Leggere di scelte epocali durante viaggi interplanetari, di ritrovamenti di manufatti sul suolo lunare, con in sole che va verso il tramonto a ore dieci, un piccolo stagno a ore quattro e un'infinità di suoni tutto intorno. Cinguettii, bombiti, chioccolii, friniti, belati, ronzii, chioccii, muggiti e mille altri suoni a cui non so dare il nome (anche quelli che ho scritto li ho trovati su internet...).
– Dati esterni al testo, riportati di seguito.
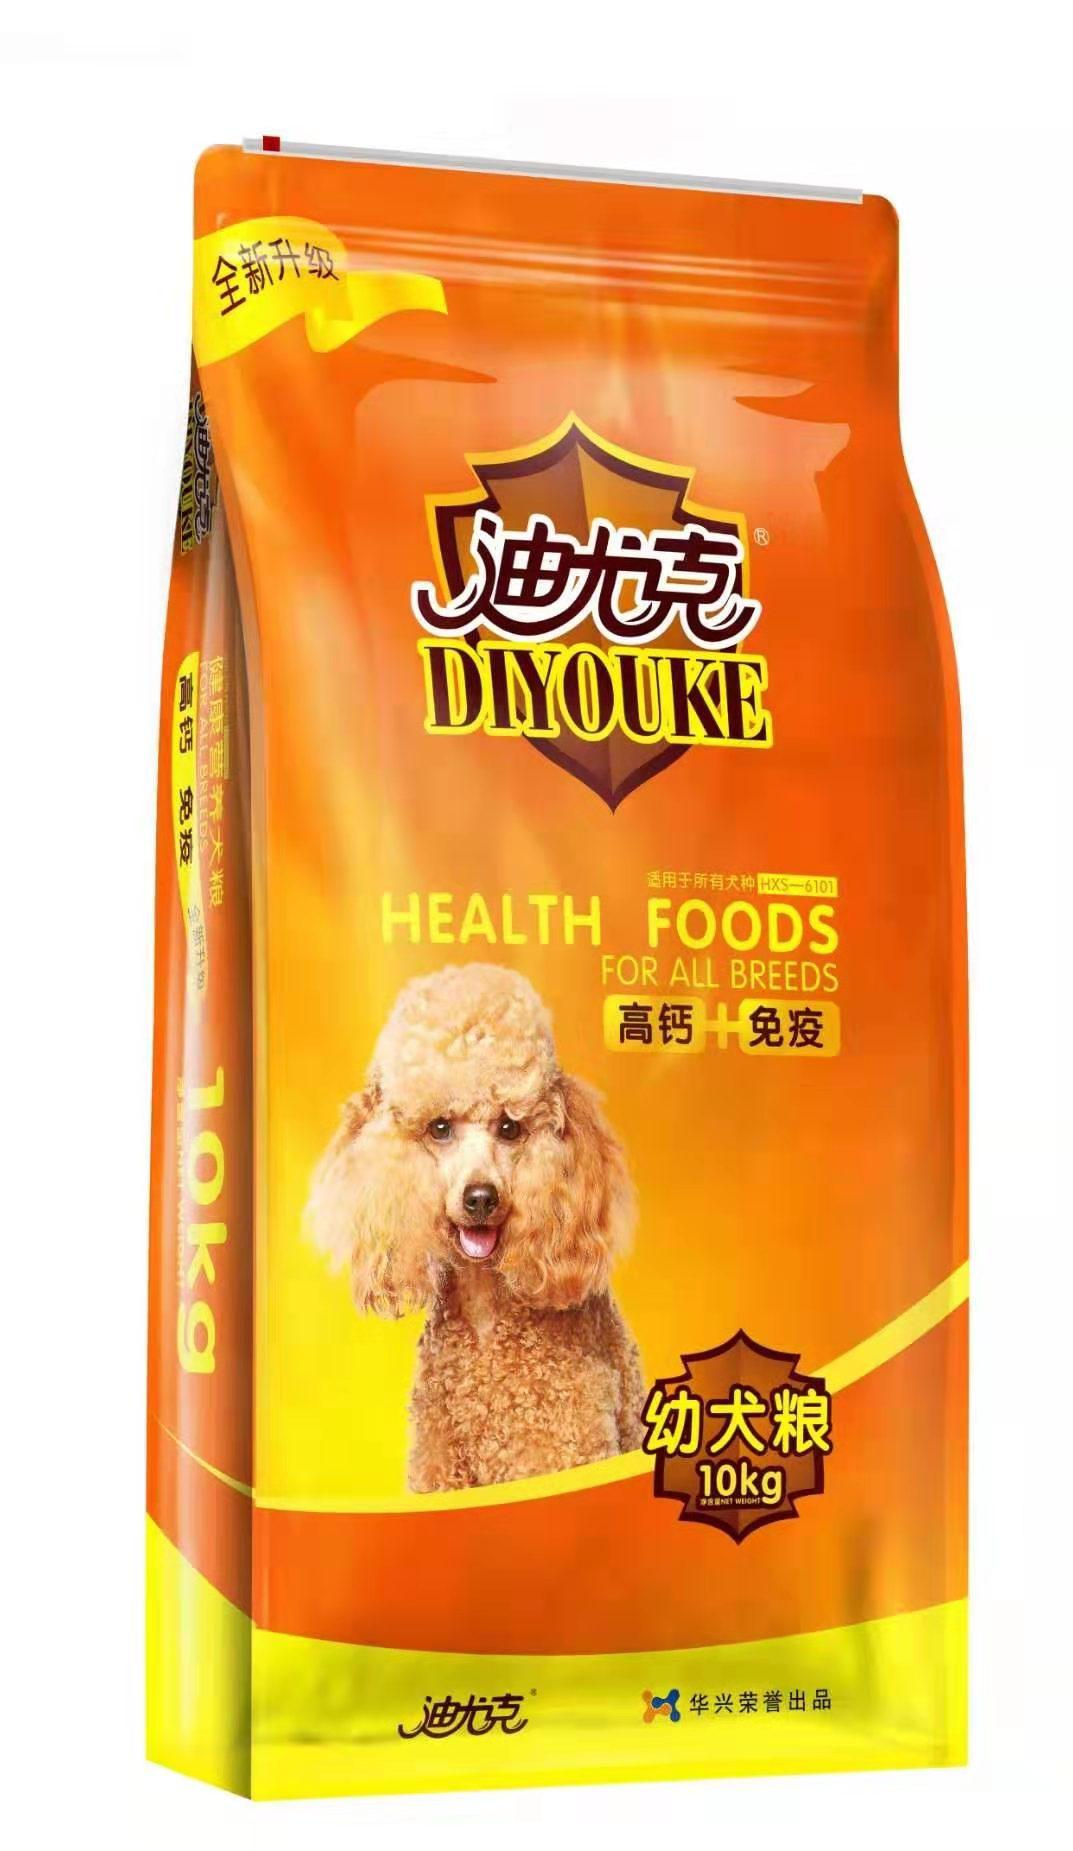 包邮 迪尤克幼犬粮泰迪金毛萨摩耶牧羊犬狗粮10kg 20斤迪优克
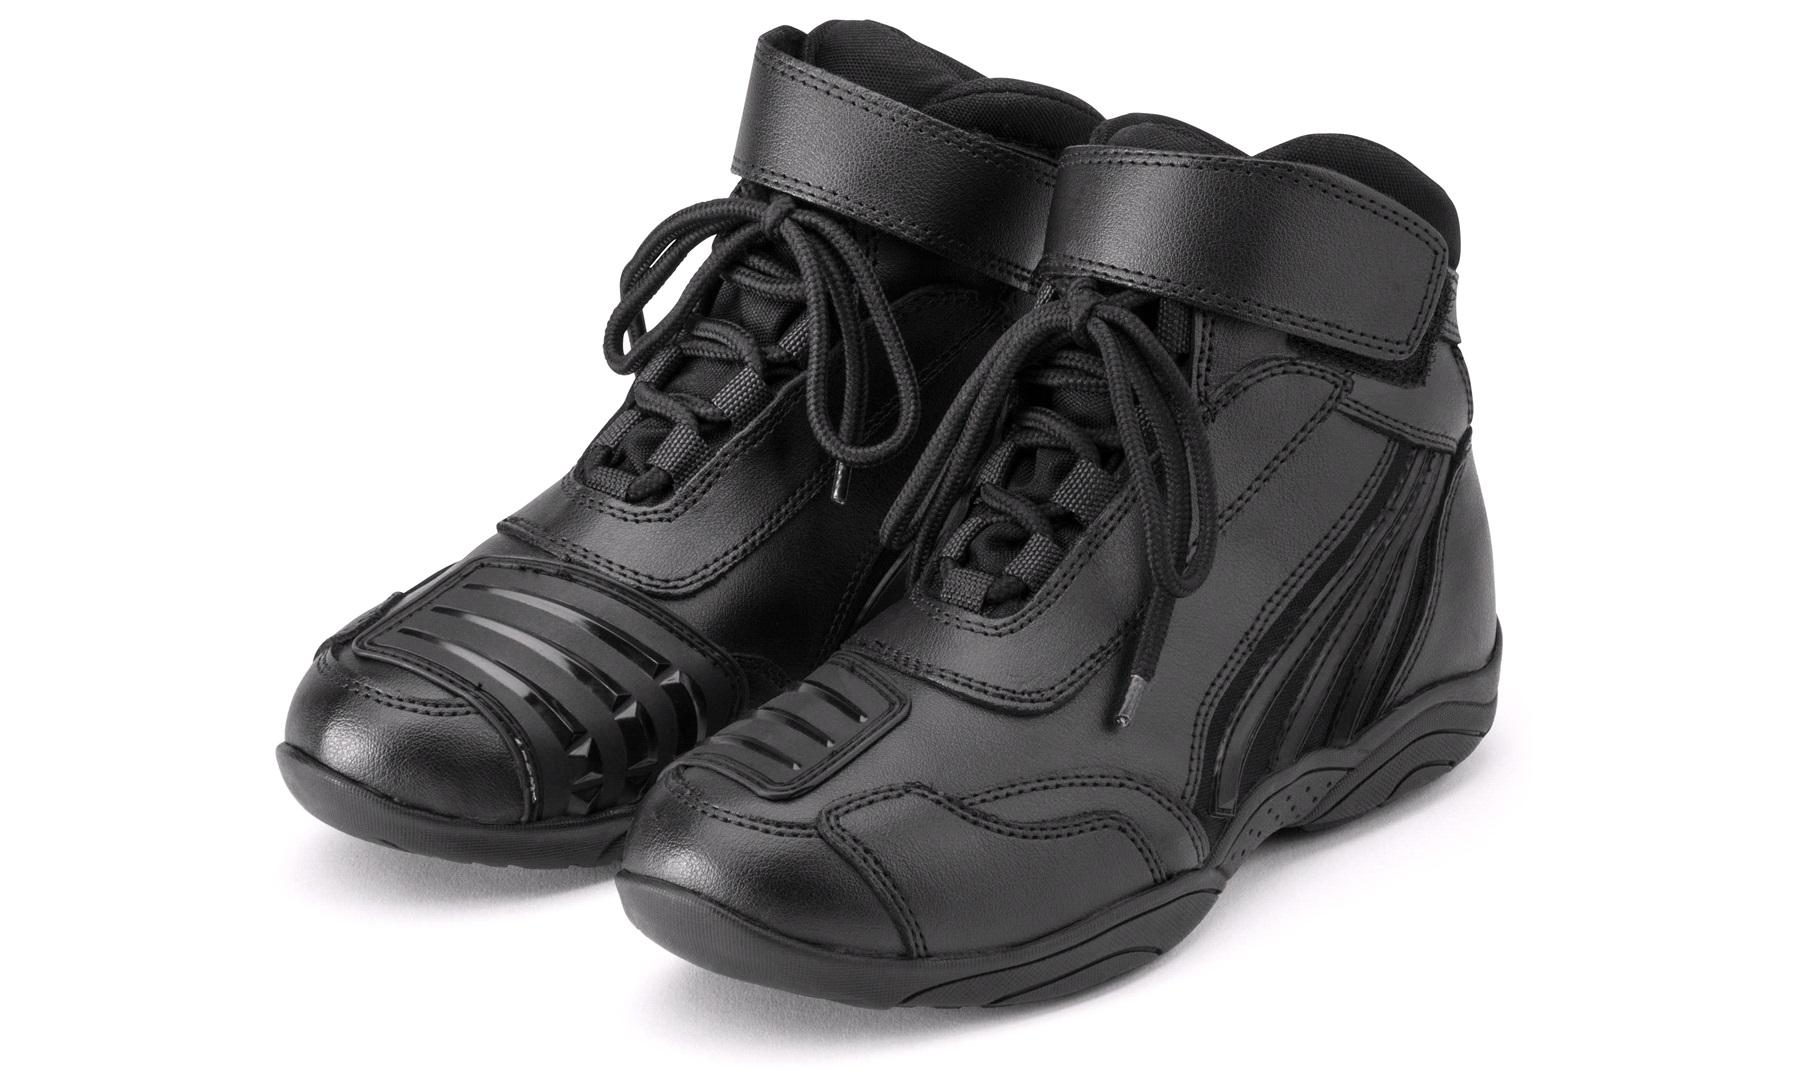 MC støvler korte 455, str. 44 MC støvler lav thansen.no

Gracidii ancora no, perché ci sono appena i girini e ho visto un rospetto e un tritone. Certo ogni 5-10 minuti si sente anche una macchina-razzo, visto che la strada (un lungo rettilineo) è a una decina di metri dietro di me, al di là degli alti biancospini. Comunque leggere in queste condizioni è davvero un'esperienza da provare! Stamattina ho tagliato prugnoli dalle dieci alle tre meno un quarto. Oltre agli infiniti prunus spinosa ho tagliato purtroppo anche un giovane castagno che non era stato piantato, avevo scoperto venerdì, ma, preso dalla furia del taglio e sommerso di spine non ho visto.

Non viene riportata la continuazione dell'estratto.